Task to complete: Below are several records. Retype exactly those lines running from the one with "Know Thyself - Women's Athletic T-shirt" through the one with "Sunday’s home baseball", end lines included, and no others.
____ Records for the task
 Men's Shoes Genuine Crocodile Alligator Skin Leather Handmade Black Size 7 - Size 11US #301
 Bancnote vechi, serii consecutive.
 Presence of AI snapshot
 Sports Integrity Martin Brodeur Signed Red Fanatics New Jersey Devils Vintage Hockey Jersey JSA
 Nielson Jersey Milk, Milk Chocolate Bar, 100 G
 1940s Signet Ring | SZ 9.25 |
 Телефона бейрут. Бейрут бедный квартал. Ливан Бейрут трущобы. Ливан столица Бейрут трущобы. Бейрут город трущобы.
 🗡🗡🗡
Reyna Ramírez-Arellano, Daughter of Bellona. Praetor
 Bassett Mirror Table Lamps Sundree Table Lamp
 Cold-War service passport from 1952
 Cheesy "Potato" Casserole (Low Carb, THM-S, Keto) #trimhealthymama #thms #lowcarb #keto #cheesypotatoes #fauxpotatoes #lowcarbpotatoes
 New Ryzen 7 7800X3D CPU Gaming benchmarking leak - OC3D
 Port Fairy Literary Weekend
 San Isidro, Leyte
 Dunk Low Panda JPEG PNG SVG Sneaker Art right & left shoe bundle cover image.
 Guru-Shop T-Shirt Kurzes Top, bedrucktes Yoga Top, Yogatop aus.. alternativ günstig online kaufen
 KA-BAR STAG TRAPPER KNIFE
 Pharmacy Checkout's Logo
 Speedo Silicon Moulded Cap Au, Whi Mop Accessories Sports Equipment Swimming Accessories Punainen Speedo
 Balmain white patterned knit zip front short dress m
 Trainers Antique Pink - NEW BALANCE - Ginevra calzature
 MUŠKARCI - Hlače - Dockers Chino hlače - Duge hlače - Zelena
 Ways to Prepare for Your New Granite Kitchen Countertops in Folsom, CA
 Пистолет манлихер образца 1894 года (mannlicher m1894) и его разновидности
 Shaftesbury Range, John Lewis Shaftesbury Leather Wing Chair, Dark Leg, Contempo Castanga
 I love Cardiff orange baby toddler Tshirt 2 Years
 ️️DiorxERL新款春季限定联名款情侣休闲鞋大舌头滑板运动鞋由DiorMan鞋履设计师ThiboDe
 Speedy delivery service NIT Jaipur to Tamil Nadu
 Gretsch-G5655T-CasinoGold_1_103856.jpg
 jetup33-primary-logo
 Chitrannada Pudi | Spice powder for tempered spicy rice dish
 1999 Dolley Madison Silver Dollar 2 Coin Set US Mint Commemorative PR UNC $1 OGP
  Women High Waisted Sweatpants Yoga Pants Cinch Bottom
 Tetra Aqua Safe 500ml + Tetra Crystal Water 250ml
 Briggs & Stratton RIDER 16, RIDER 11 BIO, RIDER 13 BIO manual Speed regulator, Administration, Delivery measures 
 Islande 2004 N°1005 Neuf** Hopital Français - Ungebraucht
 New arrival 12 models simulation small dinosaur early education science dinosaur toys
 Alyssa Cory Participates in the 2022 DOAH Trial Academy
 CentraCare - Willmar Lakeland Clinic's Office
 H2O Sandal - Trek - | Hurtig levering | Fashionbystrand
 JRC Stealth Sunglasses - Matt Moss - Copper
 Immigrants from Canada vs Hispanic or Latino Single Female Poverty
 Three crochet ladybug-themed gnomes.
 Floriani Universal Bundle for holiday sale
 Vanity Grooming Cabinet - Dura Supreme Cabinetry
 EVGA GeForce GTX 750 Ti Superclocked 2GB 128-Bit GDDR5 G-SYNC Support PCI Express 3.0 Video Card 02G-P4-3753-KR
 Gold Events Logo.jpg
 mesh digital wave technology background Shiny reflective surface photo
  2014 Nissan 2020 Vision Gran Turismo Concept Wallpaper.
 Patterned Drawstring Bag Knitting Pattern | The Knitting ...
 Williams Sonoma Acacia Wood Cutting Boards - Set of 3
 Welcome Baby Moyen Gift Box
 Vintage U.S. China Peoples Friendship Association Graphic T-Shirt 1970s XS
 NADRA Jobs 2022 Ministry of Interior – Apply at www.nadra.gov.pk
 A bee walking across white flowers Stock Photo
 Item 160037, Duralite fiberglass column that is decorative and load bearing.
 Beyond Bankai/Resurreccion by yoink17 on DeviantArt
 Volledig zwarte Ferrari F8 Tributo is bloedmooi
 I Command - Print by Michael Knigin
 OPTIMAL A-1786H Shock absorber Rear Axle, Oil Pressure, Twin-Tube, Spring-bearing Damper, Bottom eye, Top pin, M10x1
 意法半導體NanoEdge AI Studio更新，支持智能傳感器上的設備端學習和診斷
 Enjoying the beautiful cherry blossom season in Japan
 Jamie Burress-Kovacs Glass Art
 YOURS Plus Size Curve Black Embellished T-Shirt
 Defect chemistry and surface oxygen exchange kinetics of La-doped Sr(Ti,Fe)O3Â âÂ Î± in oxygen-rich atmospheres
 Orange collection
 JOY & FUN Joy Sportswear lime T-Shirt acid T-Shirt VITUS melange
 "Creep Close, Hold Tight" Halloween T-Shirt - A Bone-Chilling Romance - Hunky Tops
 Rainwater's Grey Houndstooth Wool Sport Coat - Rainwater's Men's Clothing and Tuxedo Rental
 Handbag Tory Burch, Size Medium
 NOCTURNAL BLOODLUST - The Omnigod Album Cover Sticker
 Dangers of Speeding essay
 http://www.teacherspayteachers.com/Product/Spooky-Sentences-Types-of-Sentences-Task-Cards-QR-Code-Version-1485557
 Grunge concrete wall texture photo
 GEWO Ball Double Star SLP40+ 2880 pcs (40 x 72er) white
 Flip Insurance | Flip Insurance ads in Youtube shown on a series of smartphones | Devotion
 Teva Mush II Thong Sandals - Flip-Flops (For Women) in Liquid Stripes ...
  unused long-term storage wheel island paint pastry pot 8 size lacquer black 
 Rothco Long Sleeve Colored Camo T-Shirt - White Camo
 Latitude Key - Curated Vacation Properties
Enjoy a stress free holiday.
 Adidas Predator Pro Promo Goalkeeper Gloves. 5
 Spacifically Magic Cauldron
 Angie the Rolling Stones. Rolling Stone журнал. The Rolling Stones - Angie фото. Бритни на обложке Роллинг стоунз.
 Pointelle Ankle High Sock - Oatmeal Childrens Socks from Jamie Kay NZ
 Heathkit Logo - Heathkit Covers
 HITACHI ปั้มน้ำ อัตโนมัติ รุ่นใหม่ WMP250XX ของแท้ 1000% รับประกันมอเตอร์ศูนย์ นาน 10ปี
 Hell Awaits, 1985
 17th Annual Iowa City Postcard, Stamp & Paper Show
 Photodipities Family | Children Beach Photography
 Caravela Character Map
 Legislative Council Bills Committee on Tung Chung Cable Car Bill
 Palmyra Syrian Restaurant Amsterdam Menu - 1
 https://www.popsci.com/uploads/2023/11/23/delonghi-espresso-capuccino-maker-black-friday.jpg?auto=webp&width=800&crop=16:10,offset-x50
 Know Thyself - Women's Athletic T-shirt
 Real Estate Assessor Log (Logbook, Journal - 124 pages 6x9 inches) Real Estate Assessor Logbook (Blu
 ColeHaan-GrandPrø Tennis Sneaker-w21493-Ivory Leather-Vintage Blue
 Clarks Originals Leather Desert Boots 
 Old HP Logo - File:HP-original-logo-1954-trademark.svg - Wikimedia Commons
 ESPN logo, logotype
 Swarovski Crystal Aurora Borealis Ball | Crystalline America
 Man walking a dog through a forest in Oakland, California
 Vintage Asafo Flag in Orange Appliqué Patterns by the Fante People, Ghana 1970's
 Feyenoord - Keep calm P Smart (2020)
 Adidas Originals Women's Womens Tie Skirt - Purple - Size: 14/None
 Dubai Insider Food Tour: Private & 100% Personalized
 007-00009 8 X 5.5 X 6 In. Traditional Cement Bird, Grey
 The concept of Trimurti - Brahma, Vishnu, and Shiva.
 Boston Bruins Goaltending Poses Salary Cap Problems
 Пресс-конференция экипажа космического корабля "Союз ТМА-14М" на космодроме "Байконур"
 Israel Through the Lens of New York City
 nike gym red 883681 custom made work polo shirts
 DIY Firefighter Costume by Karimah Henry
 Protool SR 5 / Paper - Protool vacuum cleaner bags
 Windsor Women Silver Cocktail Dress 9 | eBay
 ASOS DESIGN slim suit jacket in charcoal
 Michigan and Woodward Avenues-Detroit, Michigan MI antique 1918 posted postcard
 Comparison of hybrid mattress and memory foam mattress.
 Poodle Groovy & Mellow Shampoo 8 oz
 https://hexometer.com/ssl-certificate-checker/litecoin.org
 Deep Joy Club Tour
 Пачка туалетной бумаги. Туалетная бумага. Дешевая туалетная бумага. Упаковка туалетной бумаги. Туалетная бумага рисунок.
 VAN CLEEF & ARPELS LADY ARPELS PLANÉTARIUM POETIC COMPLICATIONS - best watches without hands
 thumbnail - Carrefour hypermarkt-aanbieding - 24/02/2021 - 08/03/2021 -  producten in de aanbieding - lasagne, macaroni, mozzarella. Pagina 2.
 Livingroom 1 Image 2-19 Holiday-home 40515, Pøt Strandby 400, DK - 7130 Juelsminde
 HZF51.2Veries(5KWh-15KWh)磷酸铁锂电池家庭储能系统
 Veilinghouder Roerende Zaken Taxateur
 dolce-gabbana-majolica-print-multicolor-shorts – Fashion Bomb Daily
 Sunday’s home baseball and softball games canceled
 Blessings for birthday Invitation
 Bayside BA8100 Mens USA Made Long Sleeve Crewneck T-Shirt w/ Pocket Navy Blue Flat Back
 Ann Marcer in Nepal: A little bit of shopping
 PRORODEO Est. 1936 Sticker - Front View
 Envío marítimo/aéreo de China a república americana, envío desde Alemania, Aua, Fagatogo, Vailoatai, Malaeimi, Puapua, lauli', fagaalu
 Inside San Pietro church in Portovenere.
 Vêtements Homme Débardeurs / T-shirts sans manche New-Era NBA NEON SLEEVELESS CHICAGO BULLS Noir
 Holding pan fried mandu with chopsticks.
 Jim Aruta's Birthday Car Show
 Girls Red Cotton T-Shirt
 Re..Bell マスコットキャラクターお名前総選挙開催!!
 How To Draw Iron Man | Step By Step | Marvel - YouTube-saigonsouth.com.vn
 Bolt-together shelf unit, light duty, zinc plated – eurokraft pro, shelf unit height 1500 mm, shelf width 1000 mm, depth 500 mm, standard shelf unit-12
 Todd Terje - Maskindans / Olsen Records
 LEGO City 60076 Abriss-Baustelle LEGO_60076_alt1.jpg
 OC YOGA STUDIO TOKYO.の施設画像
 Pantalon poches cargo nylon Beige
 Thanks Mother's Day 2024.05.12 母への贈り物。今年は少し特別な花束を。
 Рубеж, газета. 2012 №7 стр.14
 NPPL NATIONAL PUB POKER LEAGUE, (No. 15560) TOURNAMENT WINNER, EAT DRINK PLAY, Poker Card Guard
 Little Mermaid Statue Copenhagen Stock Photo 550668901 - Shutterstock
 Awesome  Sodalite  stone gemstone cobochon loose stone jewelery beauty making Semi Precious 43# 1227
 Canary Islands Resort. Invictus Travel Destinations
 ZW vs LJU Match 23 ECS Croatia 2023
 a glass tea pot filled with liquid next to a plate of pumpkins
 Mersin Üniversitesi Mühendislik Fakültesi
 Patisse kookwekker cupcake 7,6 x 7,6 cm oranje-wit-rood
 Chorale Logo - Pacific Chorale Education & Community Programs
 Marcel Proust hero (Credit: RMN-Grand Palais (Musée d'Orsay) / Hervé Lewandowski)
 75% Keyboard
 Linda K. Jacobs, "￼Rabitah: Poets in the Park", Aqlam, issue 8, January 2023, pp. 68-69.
________
Answer to this exercise:
 Know Thyself - Women's Athletic T-shirt
 Real Estate Assessor Log (Logbook, Journal - 124 pages 6x9 inches) Real Estate Assessor Logbook (Blu
 ColeHaan-GrandPrø Tennis Sneaker-w21493-Ivory Leather-Vintage Blue
 Clarks Originals Leather Desert Boots 
 Old HP Logo - File:HP-original-logo-1954-trademark.svg - Wikimedia Commons
 ESPN logo, logotype
 Swarovski Crystal Aurora Borealis Ball | Crystalline America
 Man walking a dog through a forest in Oakland, California
 Vintage Asafo Flag in Orange Appliqué Patterns by the Fante People, Ghana 1970's
 Feyenoord - Keep calm P Smart (2020)
 Adidas Originals Women's Womens Tie Skirt - Purple - Size: 14/None
 Dubai Insider Food Tour: Private & 100% Personalized
 007-00009 8 X 5.5 X 6 In. Traditional Cement Bird, Grey
 The concept of Trimurti - Brahma, Vishnu, and Shiva.
 Boston Bruins Goaltending Poses Salary Cap Problems
 Пресс-конференция экипажа космического корабля "Союз ТМА-14М" на космодроме "Байконур"
 Israel Through the Lens of New York City
 nike gym red 883681 custom made work polo shirts
 DIY Firefighter Costume by Karimah Henry
 Protool SR 5 / Paper - Protool vacuum cleaner bags
 Windsor Women Silver Cocktail Dress 9 | eBay
 ASOS DESIGN slim suit jacket in charcoal
 Michigan and Woodward Avenues-Detroit, Michigan MI antique 1918 posted postcard
 Comparison of hybrid mattress and memory foam mattress.
 Poodle Groovy & Mellow Shampoo 8 oz
 https://hexometer.com/ssl-certificate-checker/litecoin.org
 Deep Joy Club Tour
 Пачка туалетной бумаги. Туалетная бумага. Дешевая туалетная бумага. Упаковка туалетной бумаги. Туалетная бумага рисунок.
 VAN CLEEF & ARPELS LADY ARPELS PLANÉTARIUM POETIC COMPLICATIONS - best watches without hands
 thumbnail - Carrefour hypermarkt-aanbieding - 24/02/2021 - 08/03/2021 -  producten in de aanbieding - lasagne, macaroni, mozzarella. Pagina 2.
 Livingroom 1 Image 2-19 Holiday-home 40515, Pøt Strandby 400, DK - 7130 Juelsminde
 HZF51.2Veries(5KWh-15KWh)磷酸铁锂电池家庭储能系统
 Veilinghouder Roerende Zaken Taxateur
 dolce-gabbana-majolica-print-multicolor-shorts – Fashion Bomb Daily
 Sunday’s home baseball and softball games canceled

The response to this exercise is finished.